The Shortest History of War, by Gwynne Dyer; and The War that Ended Peace, by Margaret Macmillan

Summary: War – good for nothing and may still be the thing that kills you

In The Shortest History of War, Gwynne Dyer, quotes, of course, Clauswitz’s maxim that war is the continuation of politics by other means. He does, however, conspicuously ignore that war has often been a continuation of racism by other means.

This considerable lacuna is most apparent when Dyer traces back only as far as the American Civil War the modern conception of “total war”- the making of war on the civilian populations of belligerent nations. It is true that Grant and Sherman practiced a version of this on the Confederacy. But total war has a more ancient pedigree. The sack of Troy, for example, is a story of how it was routinely practiced in ancient times.
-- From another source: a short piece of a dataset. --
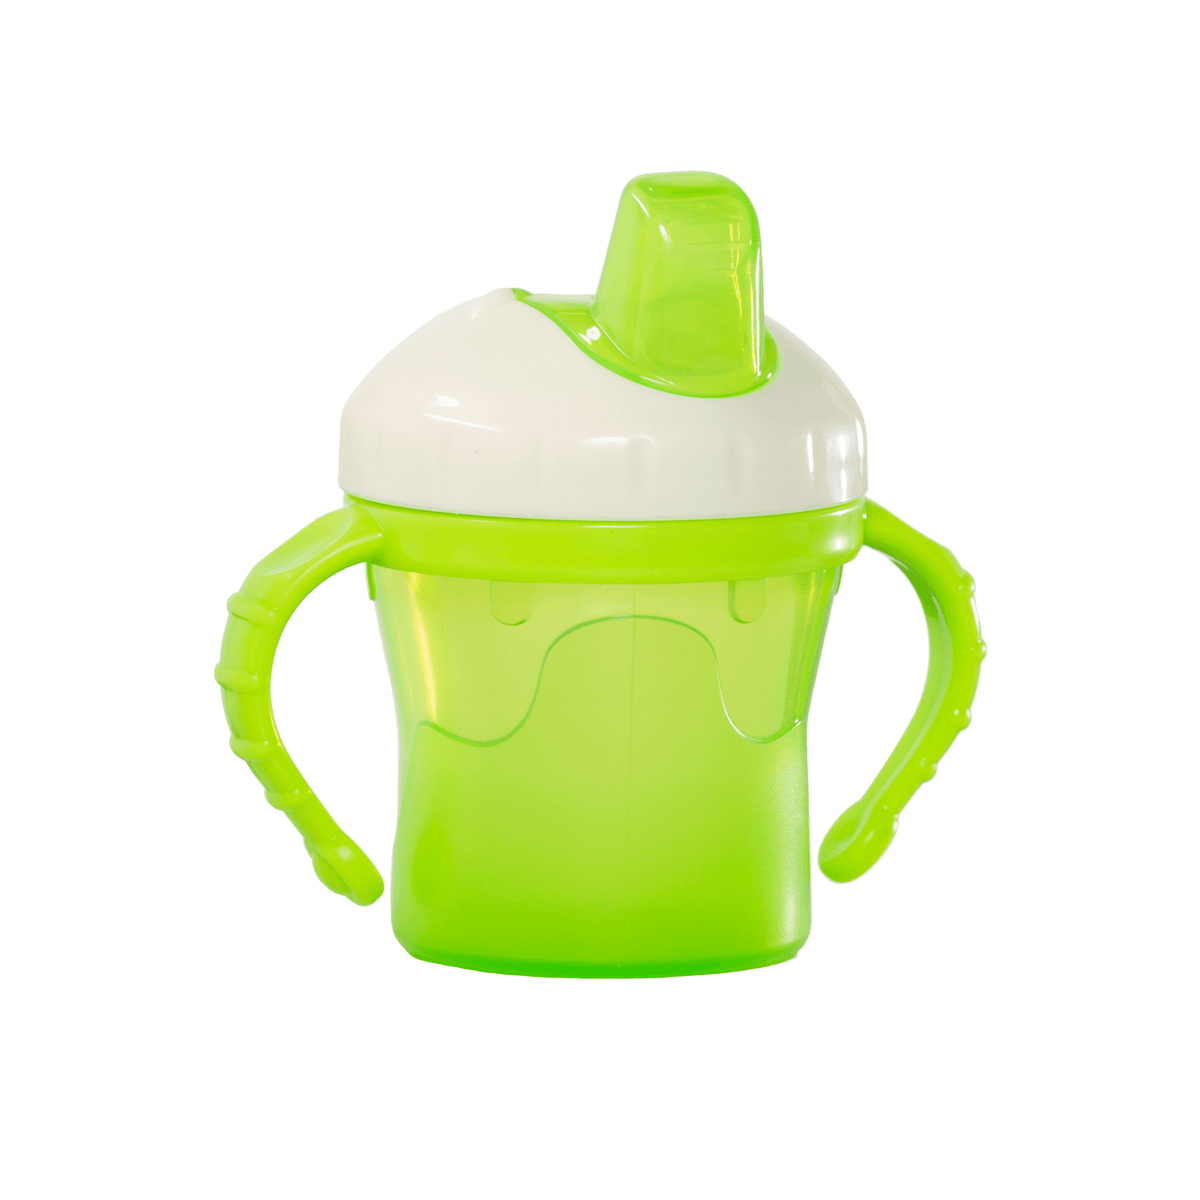 The One Cup with spout cover and handles. Green.

Both Caesar and Genghis Khan also practiced versions of total war. And, while this may have gone out of fashion for a bit amongst the white nations of Europe in the 17th and 18th Centuries, it was always the way in which “Great Powers” made war on those they regarded as inferior or subject peoples: Cromwell halved the population of Ireland in his campaign in the mid-17th century. Bonaparte’s campaign in Egypt and Palestine was ferocious in its violence towards civilians. The US campaign against Native Americans was genocidal as was the British campaign against Australian Aboriginals. The British conquest of India was another racist exemplar of total war.

But it is not Paddies and brown people that Dyer is interested in here. Rather he is interested in the “Great Power” version of politics and how this has been manifested in organised violence since ancient times. Within this narrower scope it is still a fascinating book, packed full of interesting detail and disturbing conclusions. Dyer argues that only three countries fulfil the criteria to be “Great Powers” in the 21st Century: the US, India and China. Russia he argues lacks the population to contend. So it may be unsettling to learn how it will cope with its inevitable decline. Dyer doesn’t consider the possibility that the European Union may represent an alternative political model for a 21st Century “Great Power”.

More disturbingly he notes that between them Indian and Pakistan have enough weapons to unleash a “nuclear winter” upon the Earth should they ever blunder into a nuclear exchange. In other words, in the space of a few days, while the rest of the world could be preoccupied with other things, events could unfold in South Asia that would spell the end of all human civilisation .

If anyone thinks such a thing is unlikely, they would do well to consider Margaret Macmillan’s The War that Ended Peace, her painstaking survey of European “Great Power” politics at the start of the 20th Century. The complex array of alliances and egos that she describes shows how at critical moments inadequate and posturing leaders can lose control of situations that spiral out of control in the most appalling ways possible.

That some of the contemporary systems of planetary security are currently in the hands of Johnson, Modi, Khan and Putin should be of concern to all of us who like the thought of the next generation, and the one after that, living into peaceful old age with improving standards of human rights and a restored environment.

Towards that end perhaps someone could prevail upon Presidents Biden, van der Leyen and Xi to take steps not just to limit global warming, but also to promote détente leading to mutual nuclear disarmament between India and Pakistan.

1 thought on “The Shortest History of War, by Gwynne Dyer; and The War that Ended Peace, by Margaret Macmillan

  1. Putting Khan and Putin in the same class as Johnson and Modi is rather crass. Also, why should India and Pakistan disarm? They’ve seen what happens to countries like Iraq and Libya. It’s clear that North Korea and possibly even China (over Taiwan) have only avoided the Libya fate because they are nuclear-armed.